| Dataset records |

/---

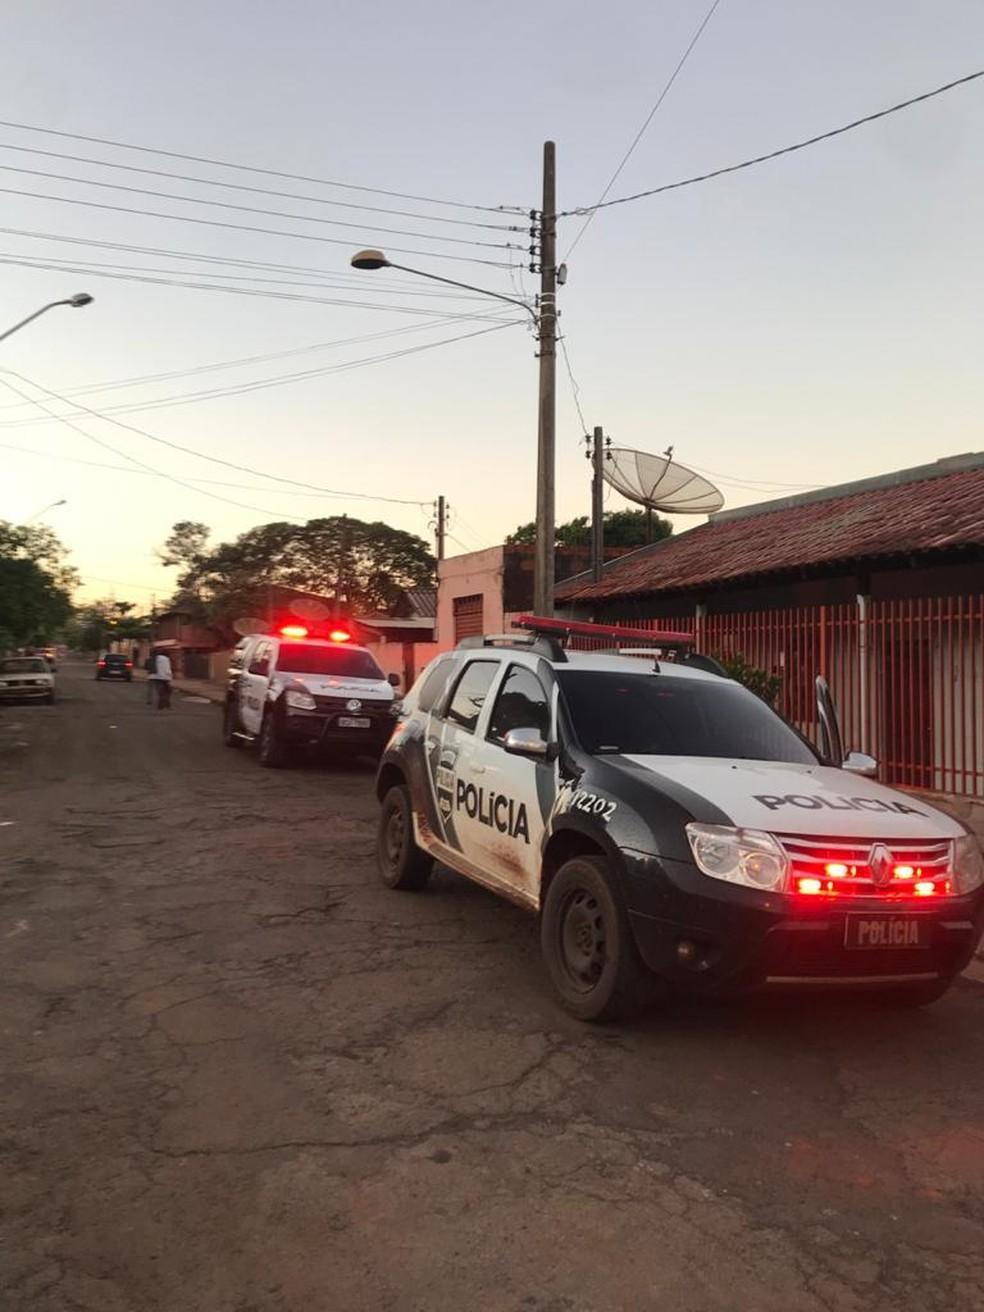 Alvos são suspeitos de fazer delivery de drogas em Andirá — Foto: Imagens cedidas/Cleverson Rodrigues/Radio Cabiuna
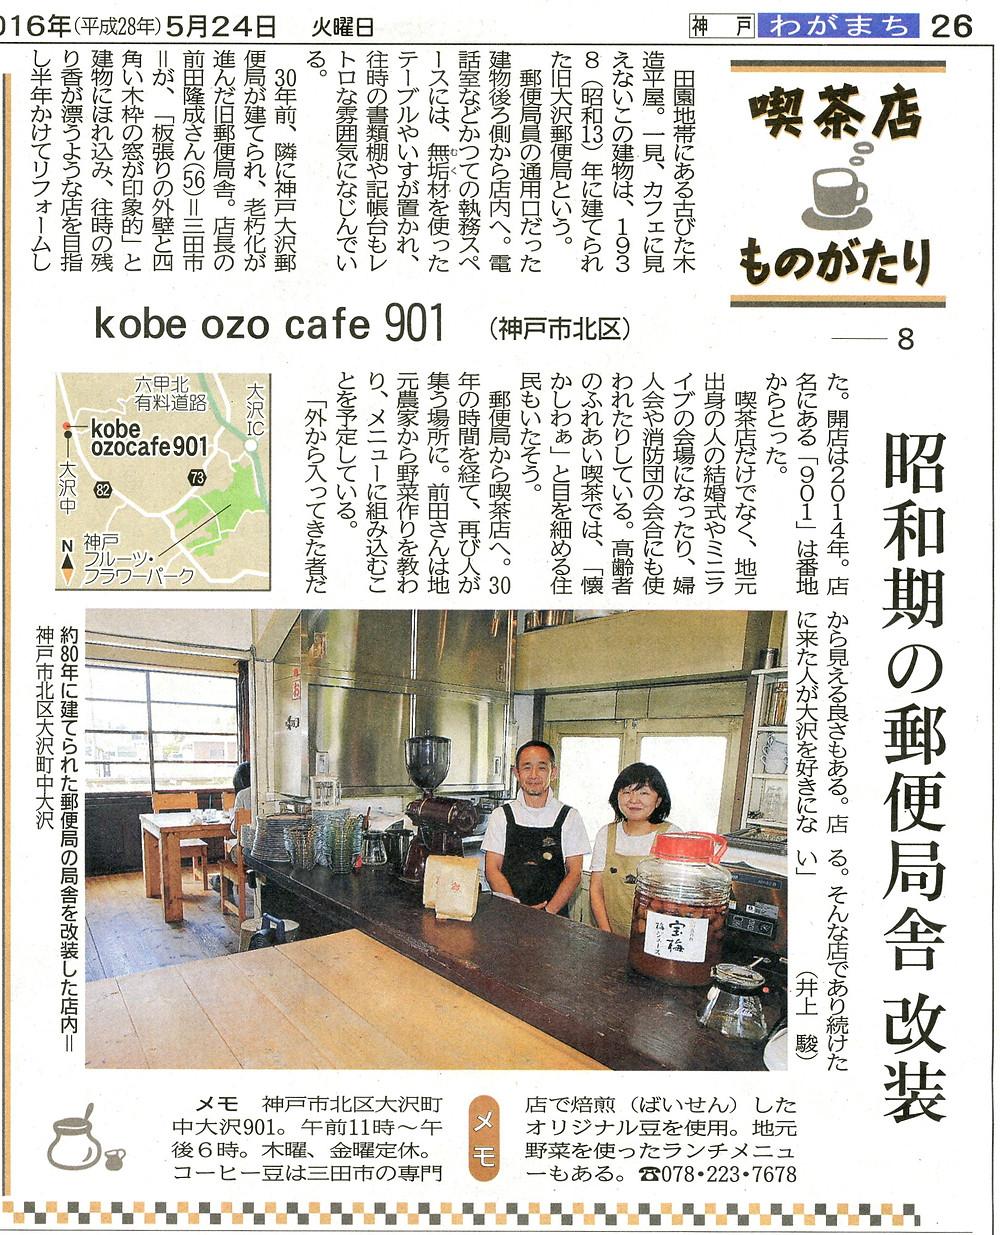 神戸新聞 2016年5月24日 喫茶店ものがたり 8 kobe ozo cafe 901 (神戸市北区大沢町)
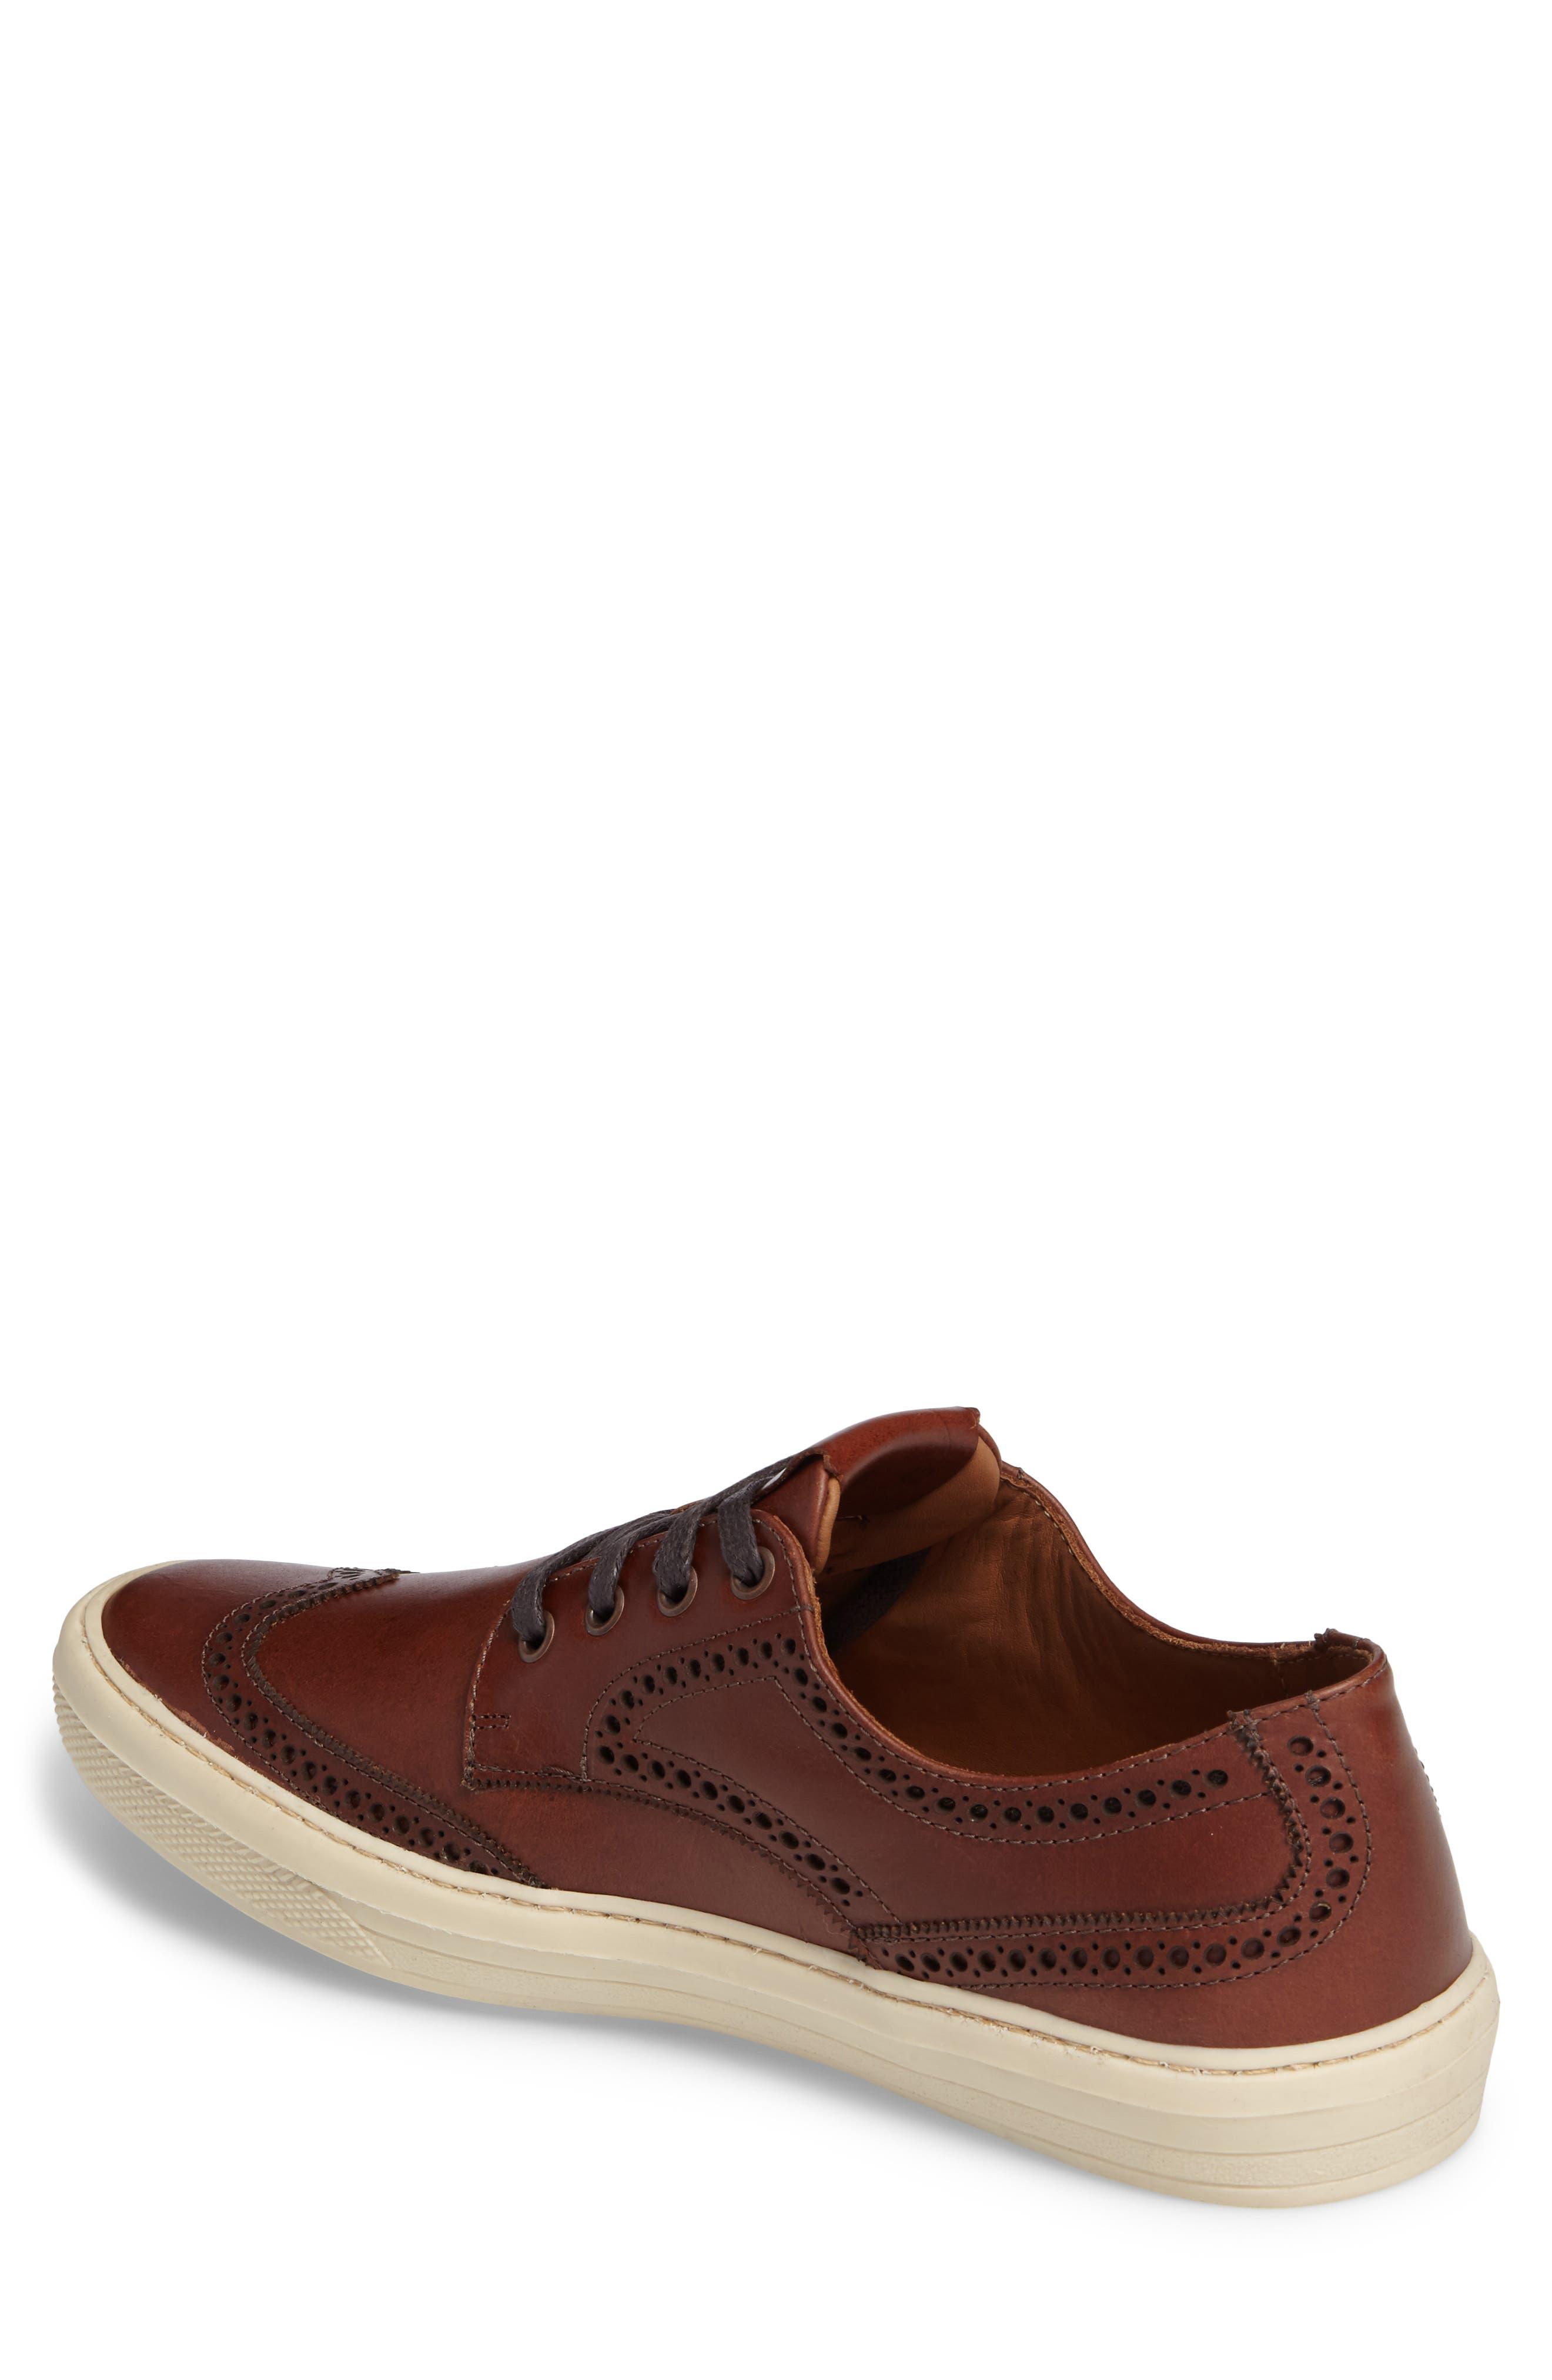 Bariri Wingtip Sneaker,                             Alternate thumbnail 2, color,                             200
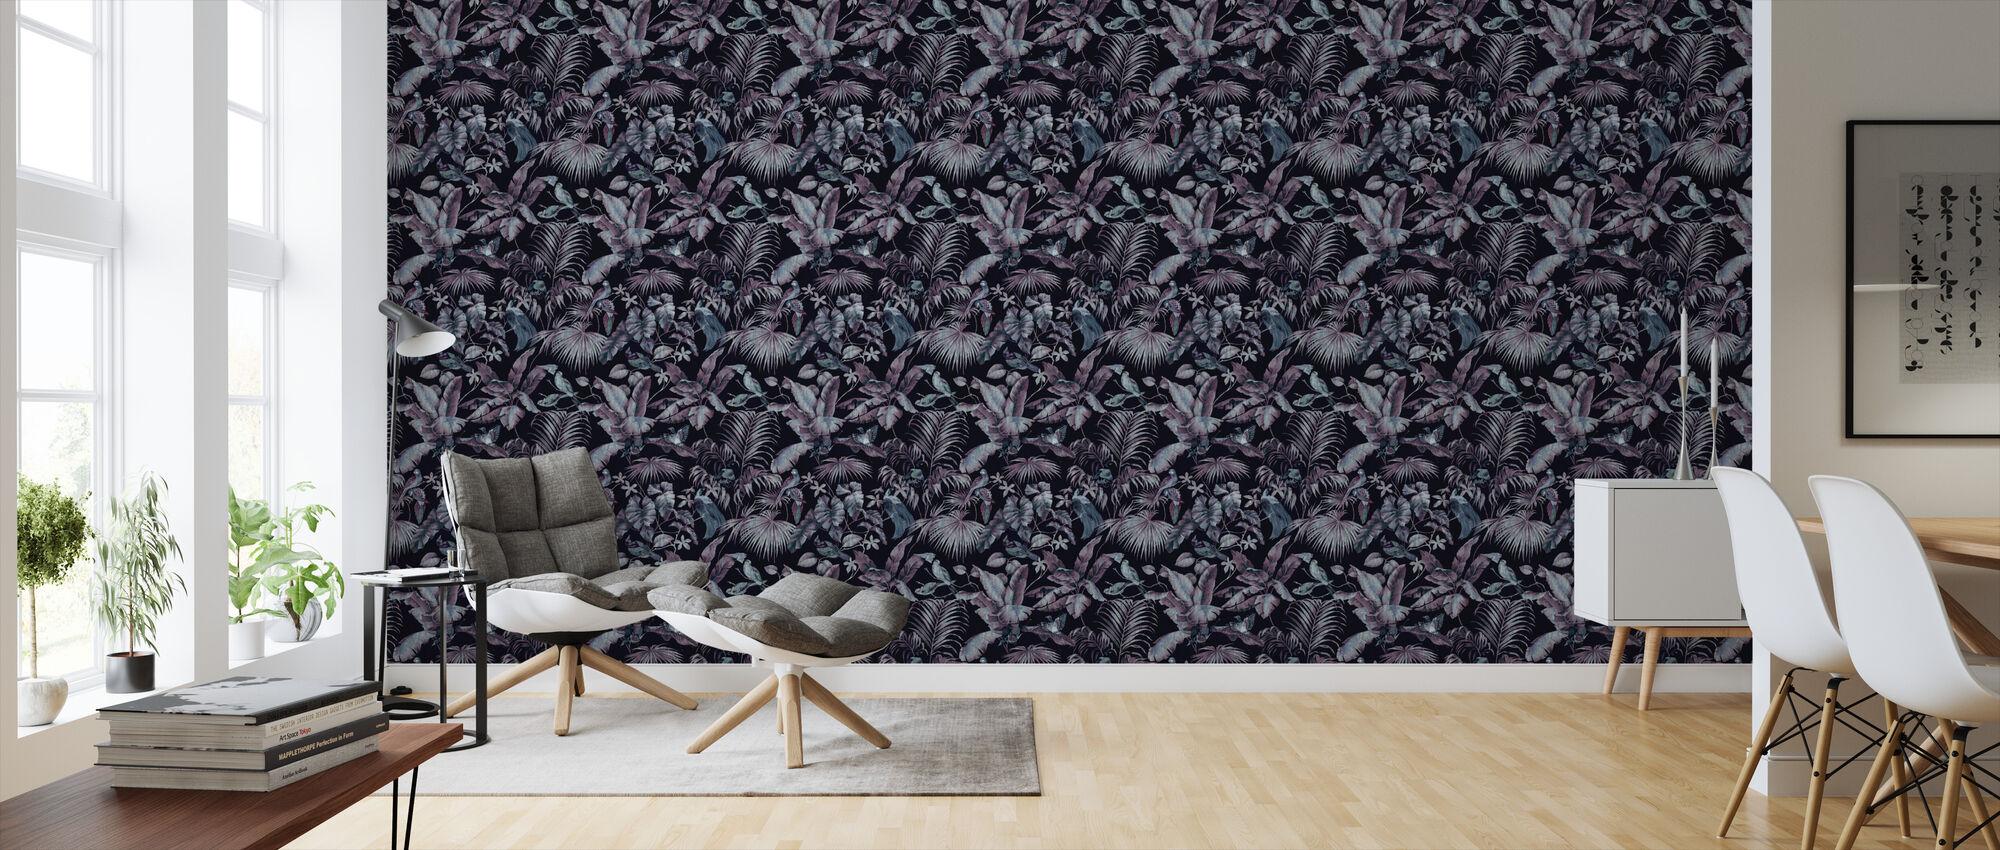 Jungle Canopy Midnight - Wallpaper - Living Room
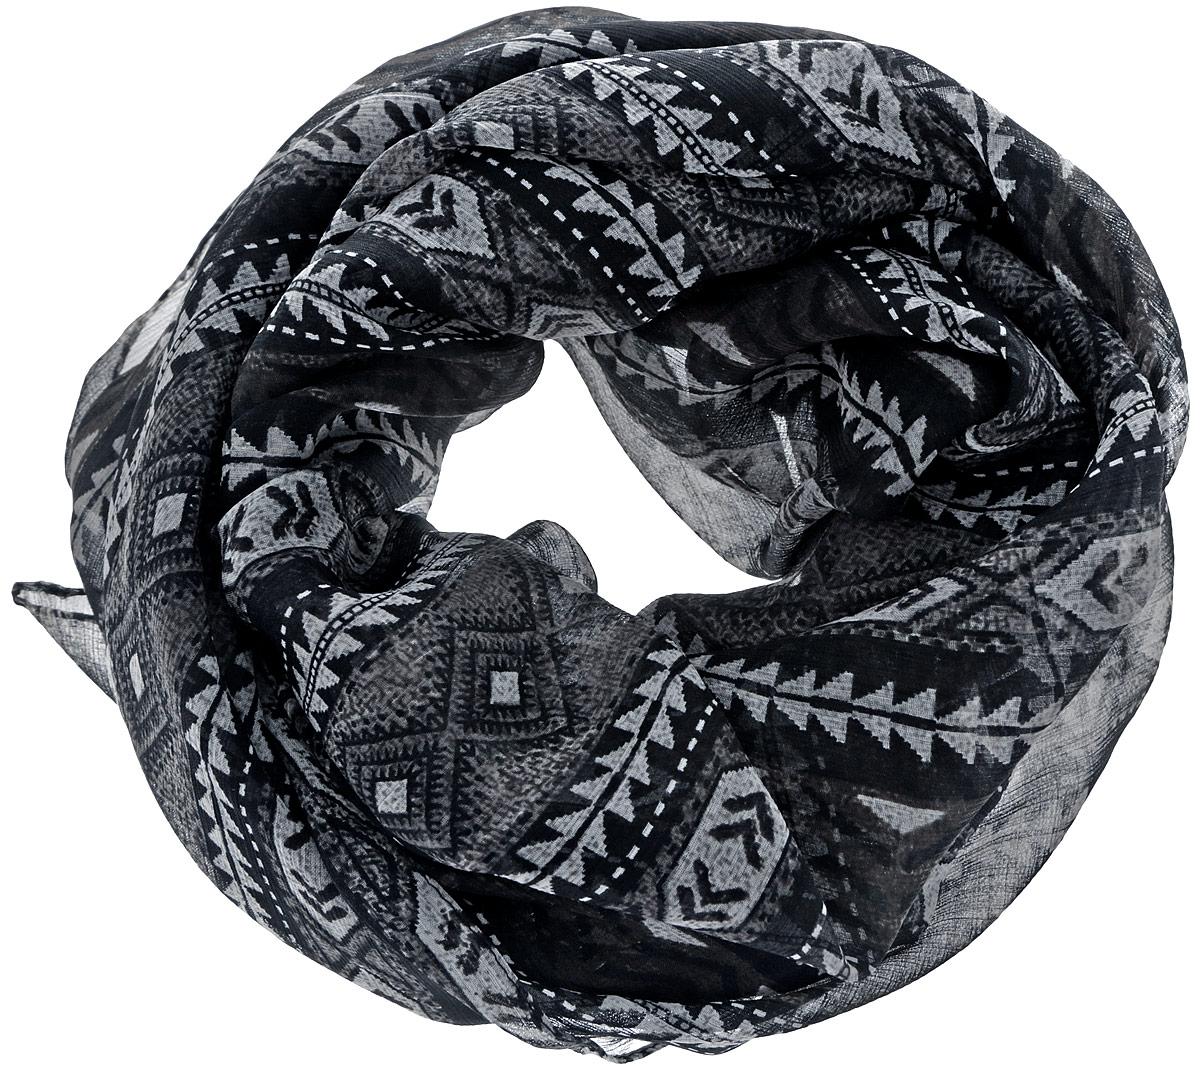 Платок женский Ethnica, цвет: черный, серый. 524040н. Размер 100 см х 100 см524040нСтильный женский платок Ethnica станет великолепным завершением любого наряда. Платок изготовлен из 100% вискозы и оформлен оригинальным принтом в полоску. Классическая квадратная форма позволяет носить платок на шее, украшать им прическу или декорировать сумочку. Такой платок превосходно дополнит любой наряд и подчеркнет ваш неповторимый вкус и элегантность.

\---

| What you are asked to do |
Give the lines of the entries above exactly as they appear, leaving out each picture.

| Response to this task |
 Alvos são suspeitos de fazer delivery de drogas em Andirá — Foto: Imagens cedidas/Cleverson Rodrigues/Radio Cabiuna
 神戸新聞 2016年5月24日 喫茶店ものがたり 8 kobe ozo cafe 901 (神戸市北区大沢町)
 Bariri Wingtip Sneaker,                             Alternate thumbnail 2, color,                             200
 Jungle Canopy Midnight - Wallpaper - Living Room
 Платок женский Ethnica, цвет: черный, серый. 524040н. Размер 100 см х 100 см524040нСтильный женский платок Ethnica станет великолепным завершением любого наряда. Платок изготовлен из 100% вискозы и оформлен оригинальным принтом в полоску. Классическая квадратная форма позволяет носить платок на шее, украшать им прическу или декорировать сумочку. Такой платок превосходно дополнит любой наряд и подчеркнет ваш неповторимый вкус и элегантность.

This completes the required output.